Title
Deep Learning-Enabled Computational Microscopy and Diffractive Imaging
Abstract
In this presentation, I will provide an overview of our recent work on using deep neural networks in advancing computational microscopy and sensing systems, also covering their biomedical applications, including virtual staining of label-free tissue for pathology. I will also discuss diffractive optical networks designed by deep learning to all-optically implement various complex functions as the input light diffracts through spatially-engineered surfaces. These diffractive processors designed by deep learning have various applications, e.g., all-optical image analysis, feature detection, object classification, computational imaging and seeing through diffusers, also enabling task-specific camera designs and new optical components such as spatial, spectral and temporal beam shaping and spatially-controlled wavelength division multiplexing.
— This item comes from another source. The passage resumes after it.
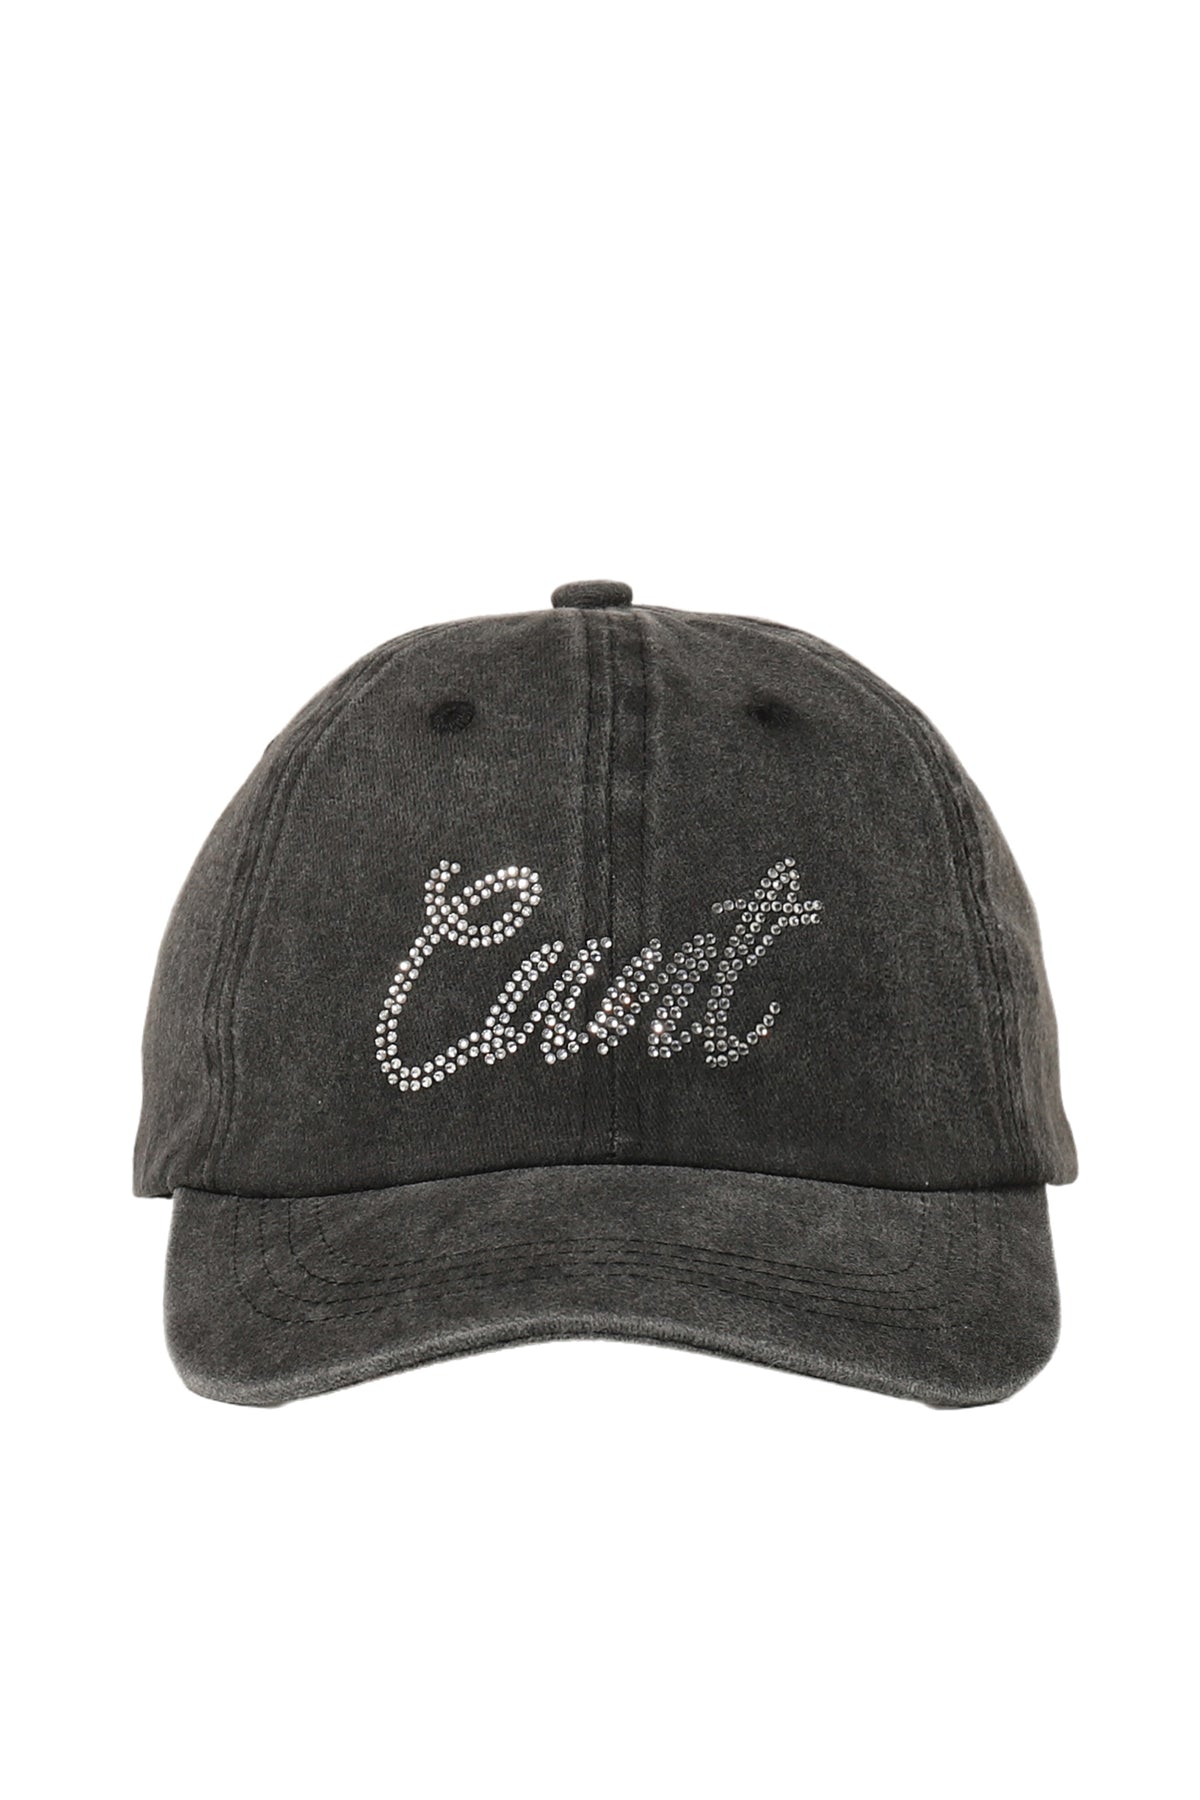 CUNT CAP BLACK / BLK

These deep learning-designed diffractive systems can broadly impact (1) all-optical statistical inference engines, (2) computational camera and microscope designs and (3) inverse design of optical systems that are task-specific. In this talk, I will give examples of each group, enabling transformative capabilities for various applications of interest in e.g., autonomous systems, defense/security, telecommunications as well as biomedical imaging and sensing.
Bio
Dr. Aydogan Ozcan is the Chancellor’s Professor and the Volgenau Chair for Engineering Innovation at UCLA and an HHMI Professor with the Howard Hughes Medical Institute. He is also the Associate Director of the California NanoSystems Institute. Dr. Ozcan is elected Fellow of the National Academy of Inventors (NAI) and holds more than 70 issued/granted patents in microscopy, holography, computational imaging, sensing, mobile diagnostics, nonlinear optics and fiber-optics, and is also the author of one book and the co-author of more than 1000 peer-reviewed publications in leading scientific journals/conferences. Dr. Ozcan received major awards, including the Presidential Early Career Award for Scientists and Engineers (PECASE), International Commission for Optics ICO Prize, Dennis Gabor Award (SPIE), Joseph Fraunhofer Award & Robert M. Burley Prize (Optica), SPIE Biophotonics Technology Innovator Award, Rahmi Koc Science Medal, SPIE Early Career Achievement Award, Army Young Investigator Award, NSF CAREER Award, NIH Director’s New Innovator Award, Navy Young Investigator Award, IEEE Photonics Society Young Investigator Award and Distinguished Lecturer Award, National Geographic Emerging Explorer Award, National Academy of Engineering The Grainger Foundation Frontiers of Engineering Award and MIT’s TR35 Award for his seminal contributions to computational imaging, sensing and diagnostics. Dr. Ozcan is elected Fellow of Optica, AAAS, SPIE, IEEE, AIMBE, RSC, APS and the Guggenheim Foundation, and is a Lifetime Fellow Member of Optica, NAI, AAAS, and SPIE. Dr. Ozcan is also listed as a Highly Cited Researcher by Web of Science, Clarivate.